The results are summarized in Table 1. All but 2 of the 75 naive observers consistently saw a horizontal row of flashing dots whenever they saccaded horizontally across the flashing LED, and even 1 of these 2 people initially appeared to see the array. Further, of the 60 observers who were able to see the temporal sequence of the flashes, all but 4 saw them flashing on and off sequentially in a direction opposite to the eye movement's, and even 2 of these 4 observers changed their mind when they were asked to examine the phenomenon a second time (i.e., they too reported seeing a direction of motion opposite to the eye movement's). Furthermore, of the 73 observers who consistently saw the horizontal row of dots, all but 5 (i.e., 93%) saw the individual dots as being stationary or as moving in a direction opposite to the eye movement's (this apparent motion appears to be the phi produced by the sequential flashes). (The 5 observers who reported that the dots moved in the same direction as the eye movement may have been reporting a displacement of the entire array rather than a motion of the individual dots, because all 5 of these observers subsequently reported that they saw the array displaced to the right when they looked to the right.) Finally, only 6 (8%) of 73 observers consistently saw the array as straddling the location of the LED. The other 67 observers saw it located to one side of the LED, with only 10 (15%) of these 67 observers consistently locating it on the side opposite the new direction of gaze. That means that 57 (85%) of these 67 observers saw the entire array on the side associated with the new direction of gaze.
Table 1

Relative Numbers of Observers Answering Questions in a Fashion
Consistent With Hershberger's Description of the Phantom Array

Q#/ASPECT FIRST TIME SECOND TIME COMBINED

Q#1 ROW 99% (74/75) 100% (1/1) 100% (75/75)
Q#2 ROW 97% (73/75) 50% (1/2) 99% (74/75)
Q#3 ROW 97% (72/74) 100% (2/2) 100% (74/74)
Q#4 ROW 97% (72/74) 100% (2/2) 100% (74/74)
Q#5 ROW 97% (72/74) 100% (2/2) 100% (74/74)
Q#6 SEQUENCE 62% (45/73) 54% (15/28) 82% (60/73)
Q#7 SEQUENCE 93% (56/60) 50% (2/4) 97% (58/60)
Q#8 SEQUENCE 78% (45/58) 62% (8/13) 91% (53/58)
Q#9 FIXED 38% (28/73) 89% (40/45) 93% (68/73)
Q#10 SIDE 78% (57/73) 63% (10/16) 92% (67/73)
Q#11 SIDE 73% (49/67) 44% (8/18) 85% (57/67)

Note. Q#9 was not asked a second time. Instead, observers saying
they saw movement were asked the direction of the movement: Q#9a.


Conclusions and Implications

As a rule, the vast majority of our naive observers reported seeing the phantom array essentially as Hershberger (1987) described it. Irrespective of whether the minority of incongruent answers represent fundamental individual differences or merely experimental noise, it is clear that the phantom array is a robust perceptual phenomenon that is replicable across most observers.

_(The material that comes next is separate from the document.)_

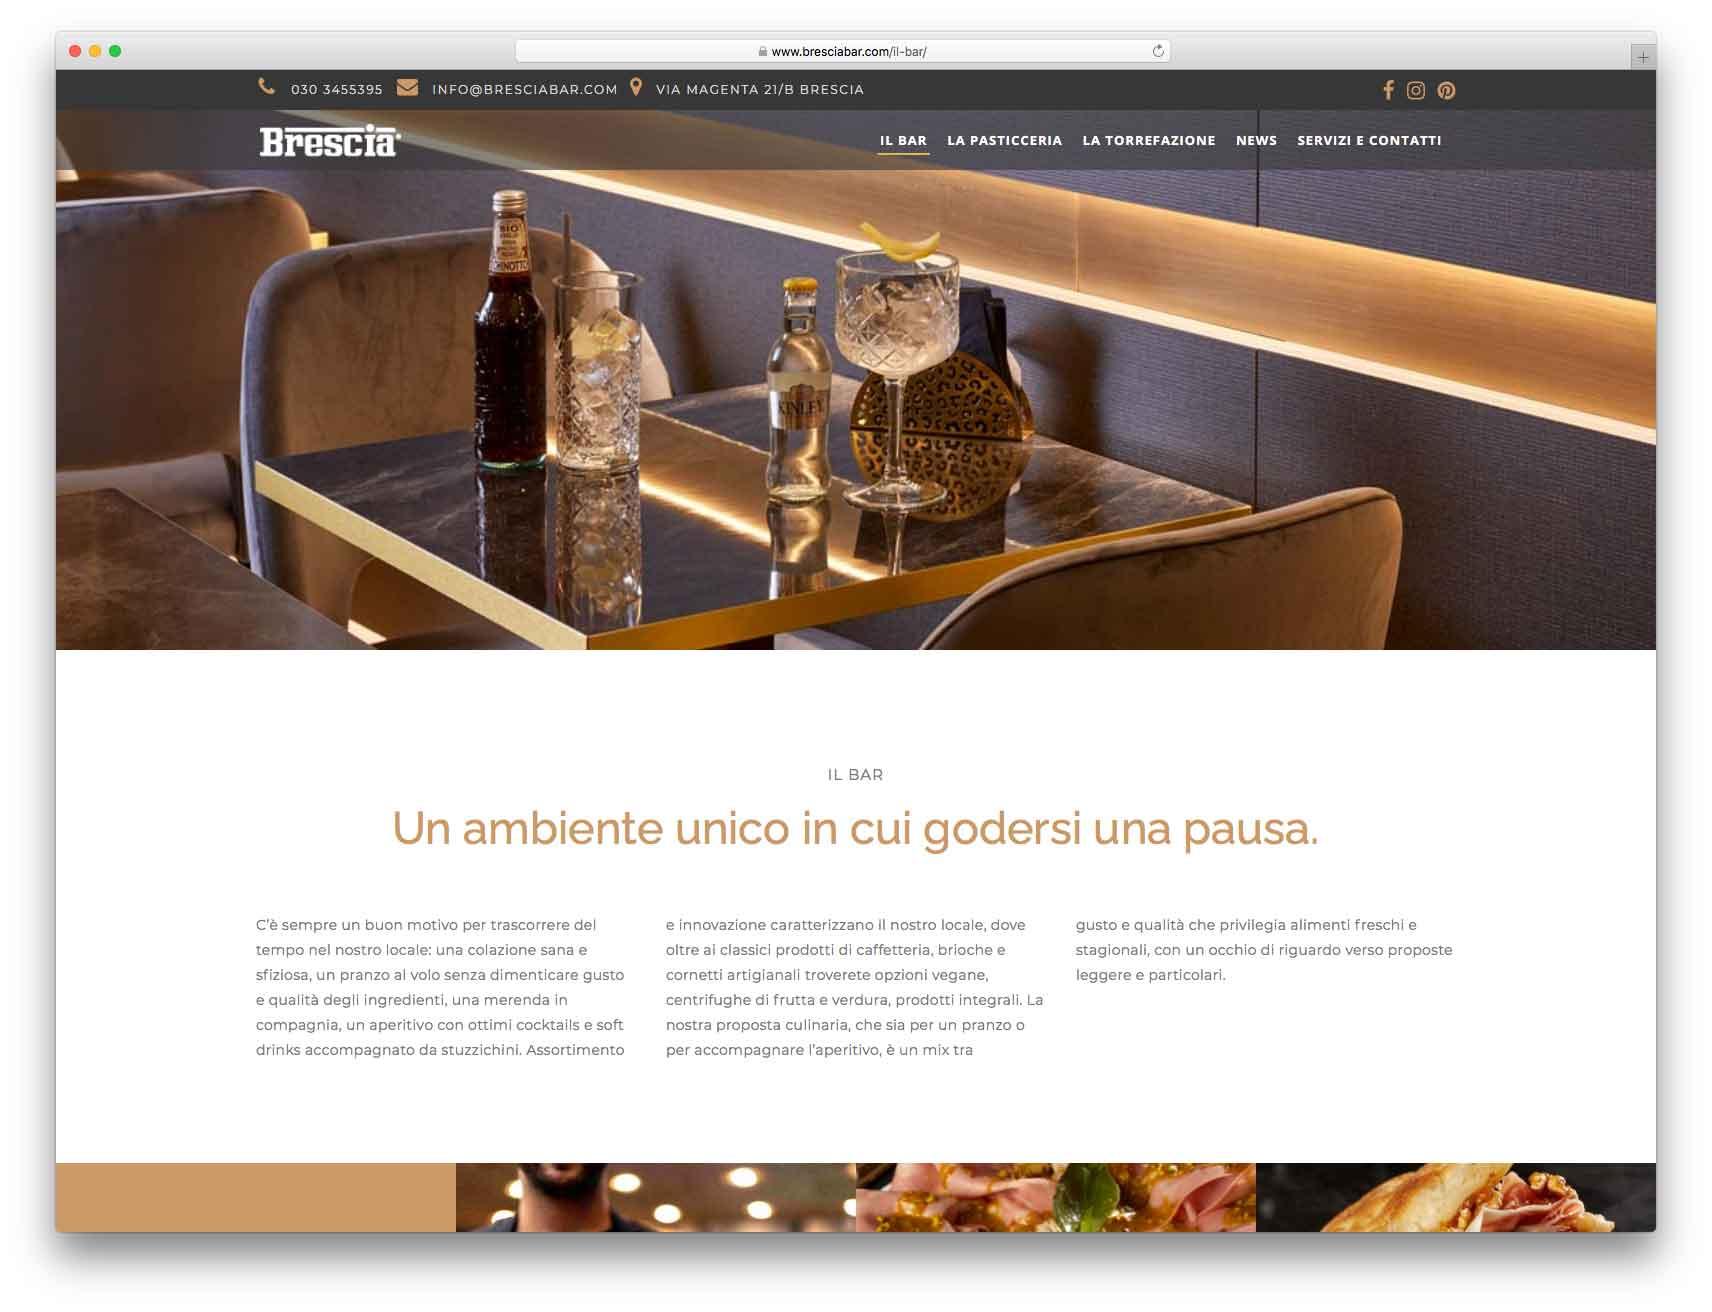 creazione siti web brescia - Agenzia P - sito web Brescia Bar

The fact that the phantom array observed in this experiment was generated by a 1-ms flash occurring once every 5 ms implies that the first half of the overall shift of retinal local signs (the part manifesting itself as the discrete displacement of the first flash in the array) occurs within a 5-ms interval.

This discrete shift occurs very early as well as very abruptly. We have determined the perisaccadic moment of the discrete shift by psychophysically timing the first flash in the phantom array (Jordan & Hershberger, 1994). We found that the first flash occurs at least 80 ms before the attendant saccade when, presumably, the oculomotor system discretely alters a neural reference signal specifying intended direction of gaze. Our 80-ms finding is precisely consistent with Becker and Jurgens' (1975) earlier report that the amplitude of a saccade may be altered by retinal information presented as late as 80 ms prior to the saccade. This remarkable coincidence suggests that the shift in the spatiotopic coordinates of the retina may be synchronized with the finalization of the intention to orient the eye in a particular direction. In a similar vein, Duhamel, Colby, and Goldberg (1992) have found that the retinal receptive fields of neurons in the parietal cortex of monkeys undergo a shift in the direction of an impending saccade well before the onset of the saccade. They documented their finding with data illustrating a parietal shift that occurred exactly 80 ms before the attendant saccade.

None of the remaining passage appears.